Accuracy: The local model (Phi-3-mini) is surprisingly good for simple support tasks, but it occasionally gives wrong info (e.g., “Yes we accept Bitcoin” when we don’t). To mitigate, I added a confidence heuristic based on answer length and hedging words. It’s not perfect, but it reduces errors from ~10% to ~3%.

Maintenance: The rule set grows over time, but it’s a flat file – easy to edit. The local model needs periodic updates if the business changes (e.g., new products). The cloud model stays the same.

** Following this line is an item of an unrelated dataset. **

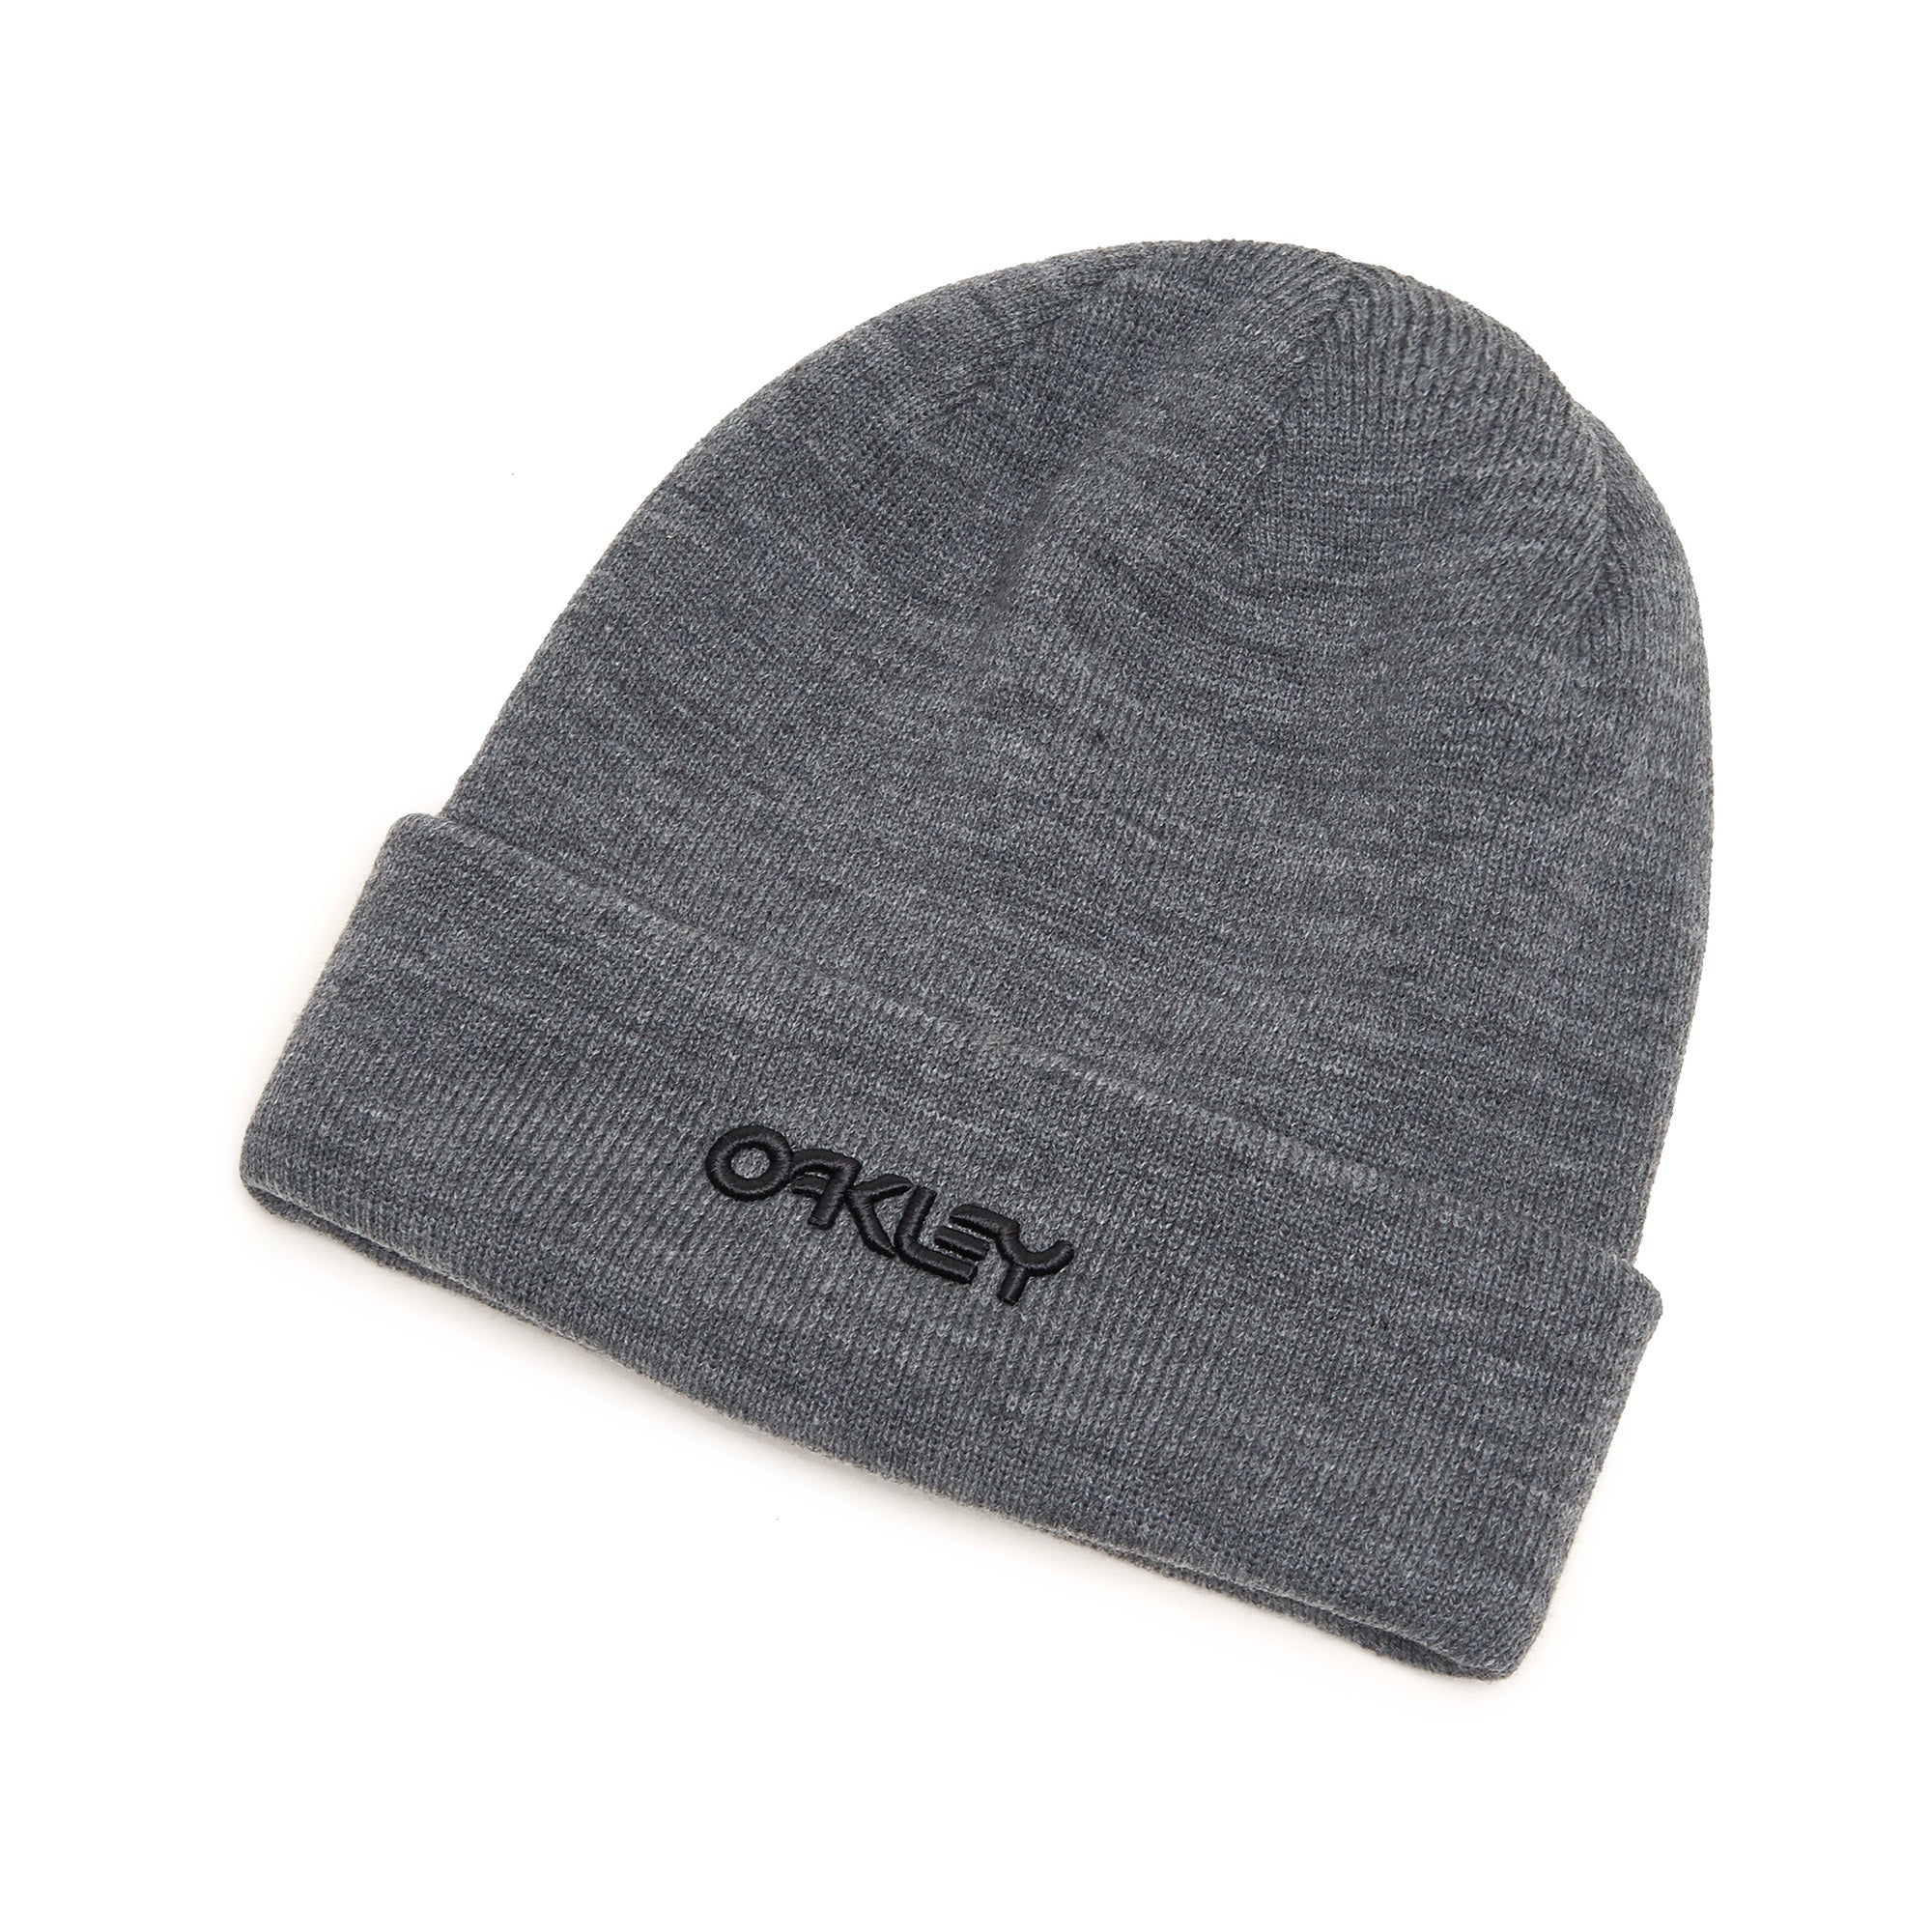 oakley-b1b-logo-beanie-hat-900256-grey

What I’d do differently next time

Better logging: I wish I had instrumented each path from day one. Now I have to retrofit metrics to see which intents are misrouted.
A/B test the cutoff: My confidence threshold of 0.7 was a guess. I should run a randomized trial to find the optimal balance between cost and accuracy.
Use a dedicated classification model instead of a crude confidence heuristic. A tiny BERT classifier (e.g., distilbert-base-uncased fine-tuned on my intents) would be more reliable and still cheap to run.

When NOT to use this approach

If your queries require deep reasoning or multi-step logic, a local model will fail. Don’t bother.
If your traffic is very low (<100 queries/day), the cost of building the hybrid system might not be worth it. Just use the cloud API.
If latency isn’t a concern (e.g., batch processing overnight), then simplicity wins. Stick with one model.

Final thoughts

I’m not a machine learning engineer – I’m a regular backend dev who needed to pay the bills. This approach let me keep the quality of a top-tier LLM while making it affordable. It’s not revolutionary; it’s just good engineering: use the right tool for the job.

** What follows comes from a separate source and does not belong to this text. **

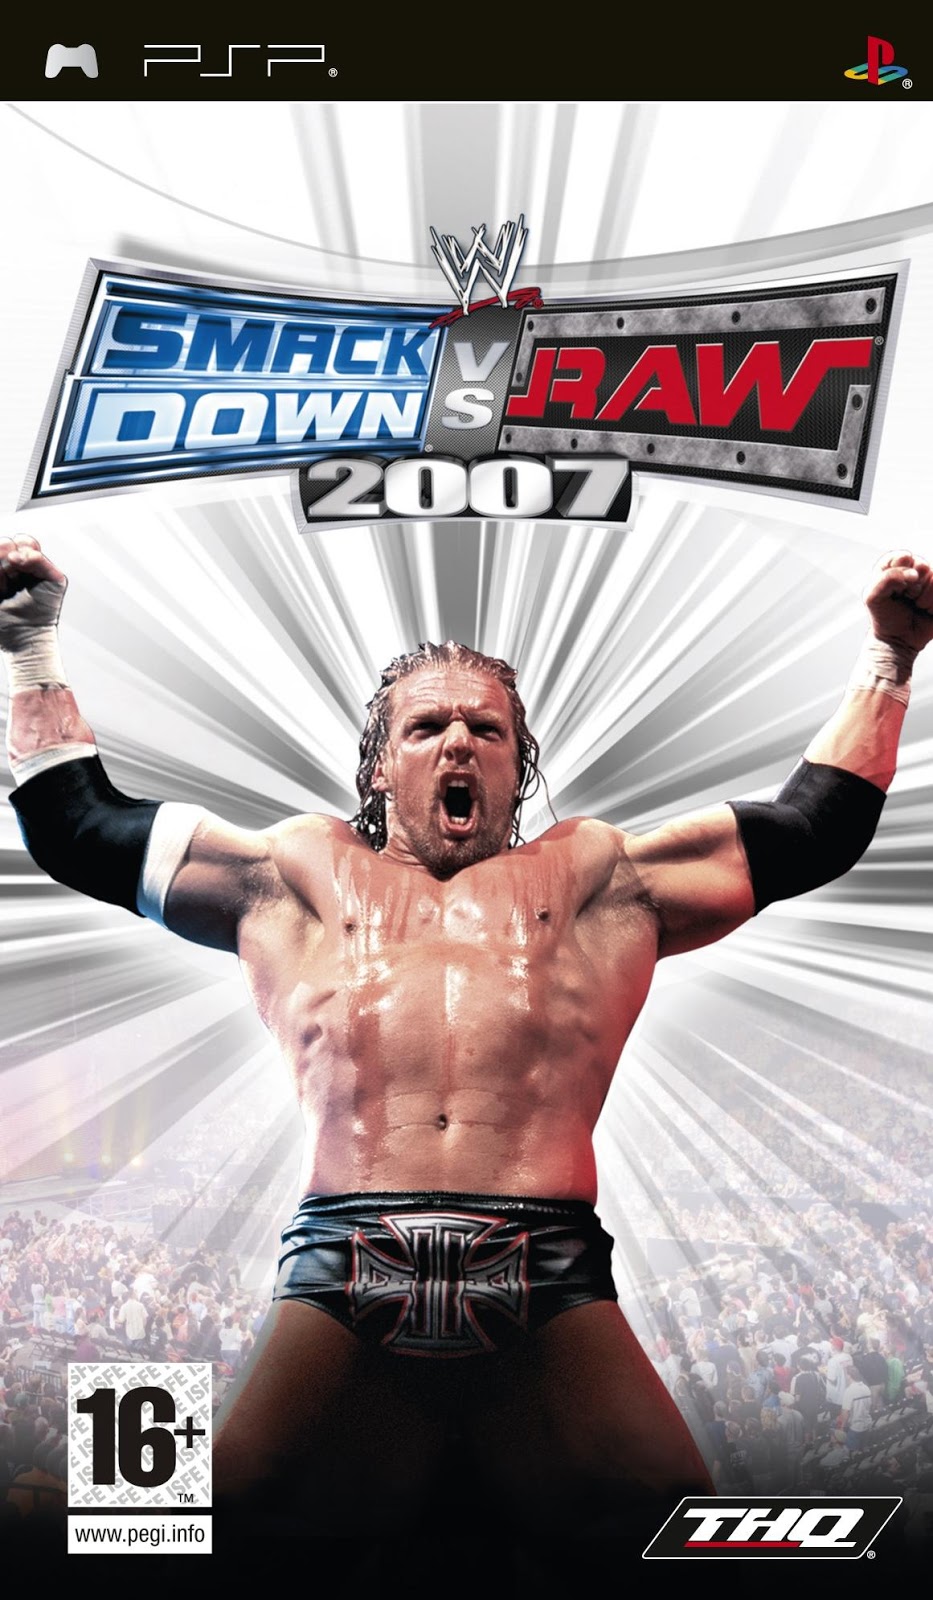 WWE Smack Down vs Raw 2007

One more thing – I ended up hosting my local model on a small rented GPU instance (like a $40/month box). You could also use an edge device or even a laptop, depending on traffic. The key is to keep the fallback path as thin as possible.

So, what’s your setup? Are you going all-in on cloud APIs, or have you found a clever hybrid that keeps costs down? I’d love to hear about your routing strategy.

Top comments (1)

CapeStart • Jun 9

Many companies are overpaying for intelligence they don't need while underinvesting in orchestration, caching, and retrieval quality.